Mother insists that two cases show the clerk's failure to include a zip code “is not a harmless error.” Both cases involve failure to provide notice of dependency proceedings to an Indian tribe as required by the Indian Child Welfare Act of 1978 (ICWA). In In re Alice M. (2008) 161 Cal.App.4th 1189, the ICWA notice to one tribe was not addressed to the tribal chairperson (as required by statute), and in addition, it was sent to “Route 1, Box 121” in Apache, Oklahoma, instead of to “Route 2, Box 121, Apache, Oklahoma 73006,” and the record contained “no verification that notice actually reached” the tribe. (Id. at p. 1201.) Similarly, in Nicole K. v. Superior Court (2007) 146 Cal.App.4th 779, the ICWA notice was sent to the tribe at a post office box in Park Hill, Oklahoma, rather than in Tahlequah, Oklahoma; the error was not harmless because there was no conclusive evidence the tribe received actual notice of the proceedings. (Id. at pp. 783–784.) We are also aware of cases holding that, in the absence of proof that notice was actually received, a notice addressed to a post office with the wrong zip code “invalidates what would have otherwise been sufficient notice.” (Moghaddam v. Bone (2006) 142 Cal.App.4th 283, 288–289 [notice of an order setting aside a default judgment was sent to the correct post office box but with the wrong zip code; because plaintiff was not properly served with notice of the order, his appeal within 180 days of judgment was timely].)

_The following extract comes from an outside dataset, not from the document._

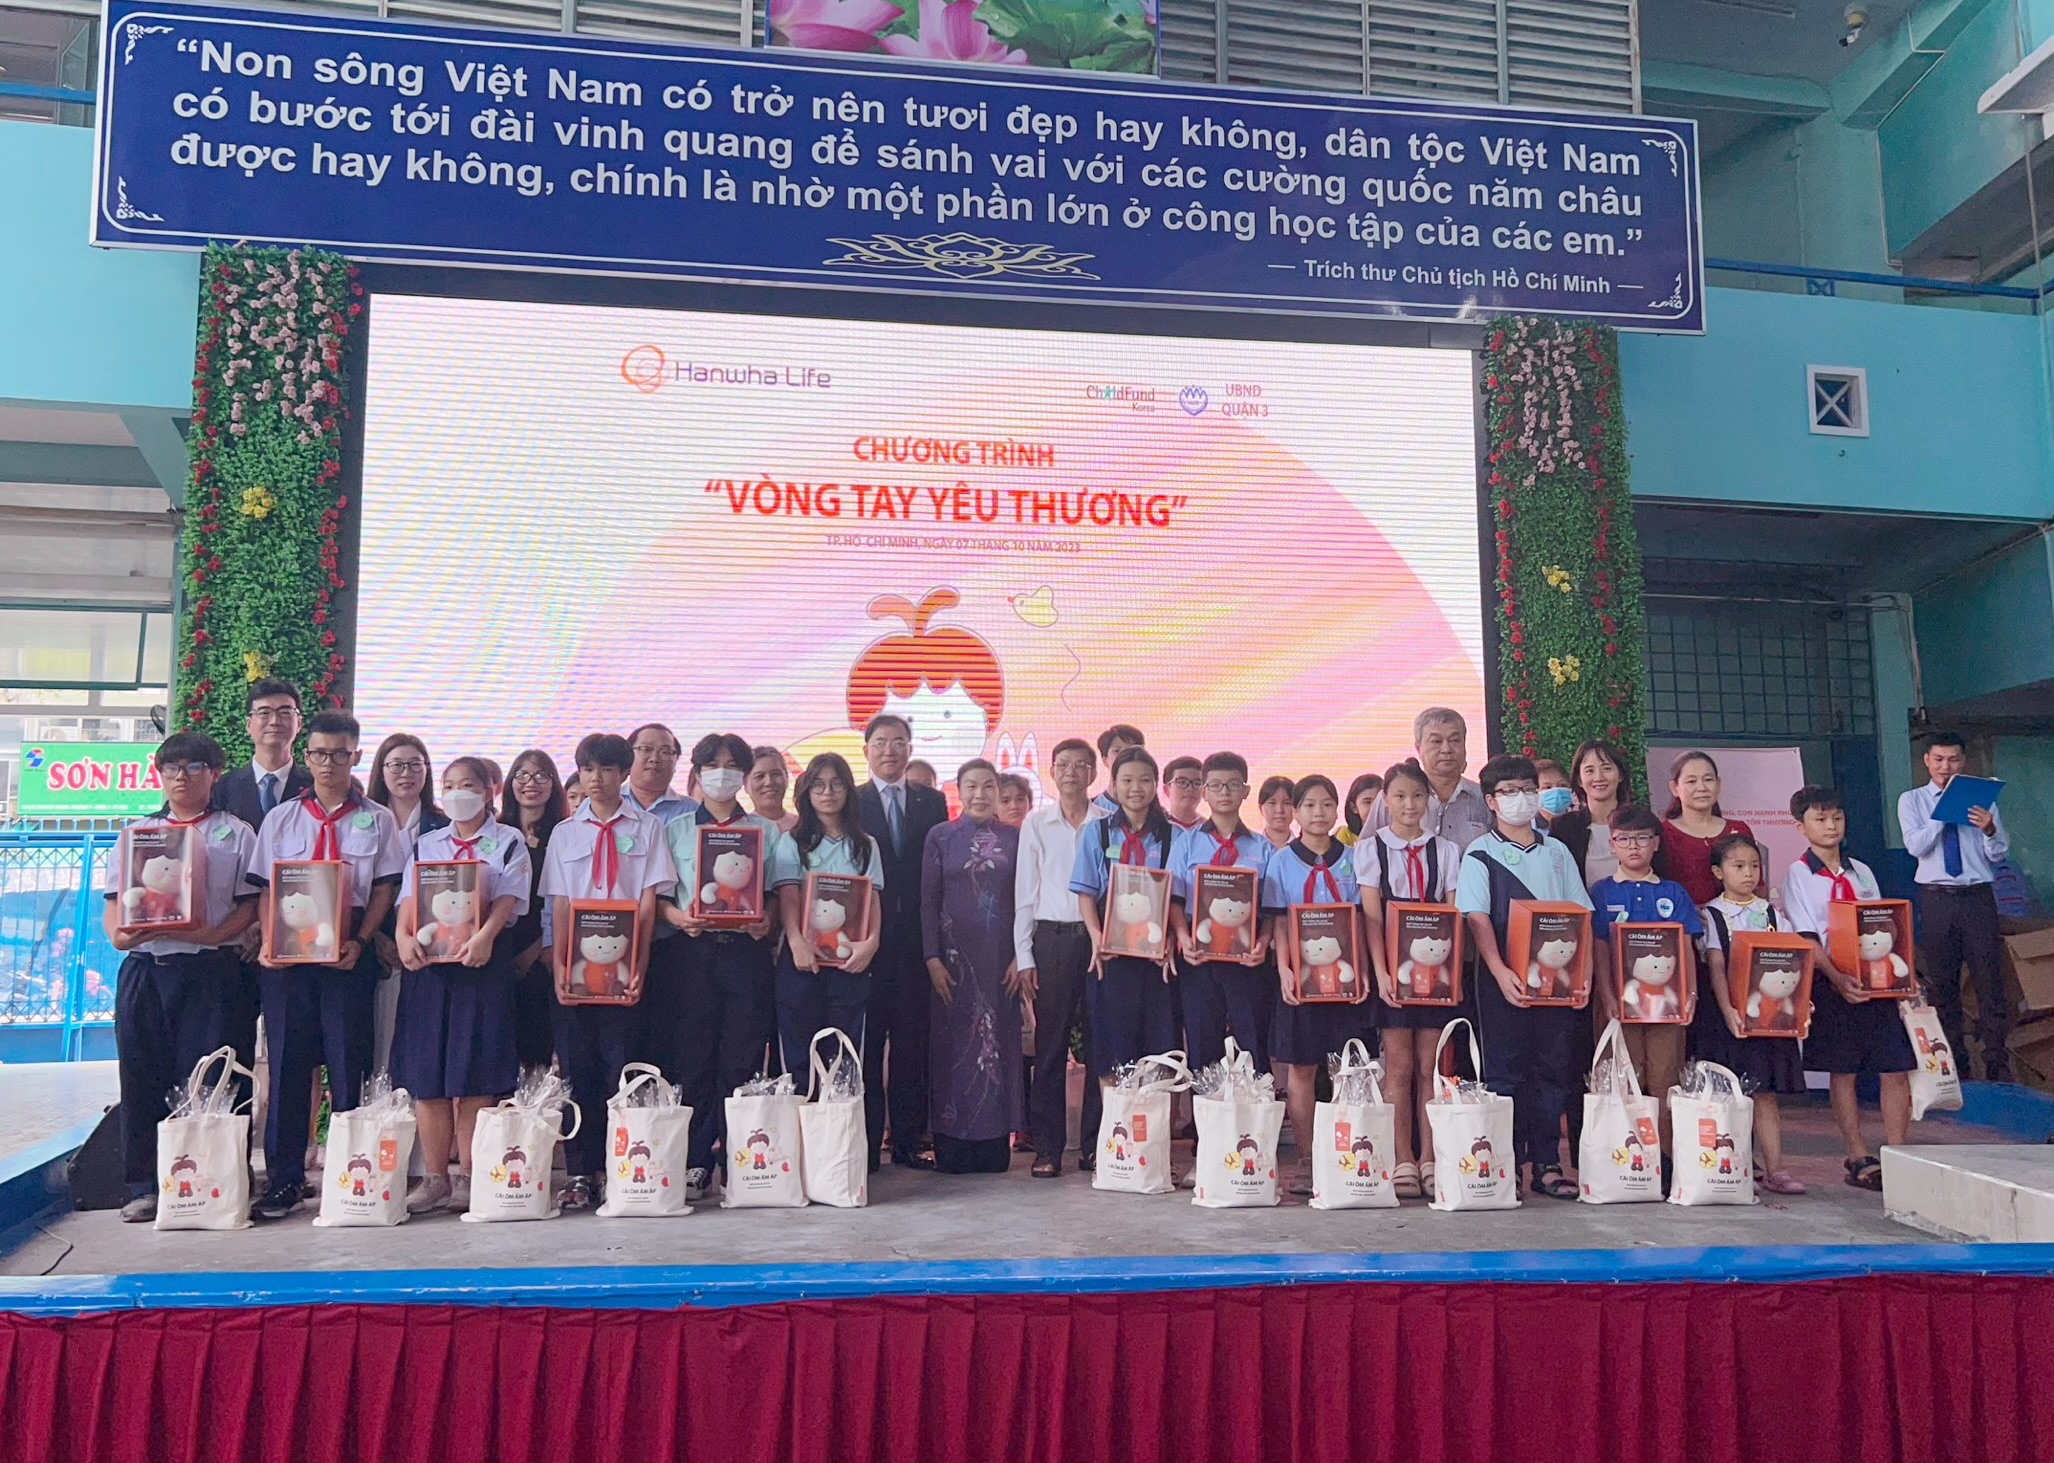 Ban Lãnh đạo cấp cao Hanwha Life, đại diện VACR và đại diện cơ quan chính quyền trao tặng học bổng và quà cho các em học sinh có hoàn cảnh khó khăn trên địa bàn Quận 3, Tp.HCM

*6 None of these cases presents circumstances comparable to those here, and all of them involve notices sent to the wrong address. Here, the address was correct, and the worst that might reasonably be expected is a delay in delivery. Where mother does not state, either by declaration or otherwise, that she was unaware of the requirement to file a writ in order to preserve any right to appeal issues presented by the setting order, we find no legitimate basis for concluding she did not receive the written notice of the writ requirement. Accordingly, she may not raise those issues now.

Because mother does not otherwise challenge the order terminating parental rights, the Department's motion to dismiss her appeal is granted.FN5

FN5. The Department also filed a motion requesting judicial notice of a dependency petition and various juvenile court orders entered between June 2010 and April 2011 concerning the twins who were born to mother during these proceedings, including orders removing them from mother's custody, denying reunifications services and terminating mother's parental rights. Alternatively, the Department asks this court to receive post-judgment evidence in the form of those minute orders. We deny the Department's motion.


The appeal is dismissed. WE CONCUR: BIGELOW, P.J., and RUBIN, J.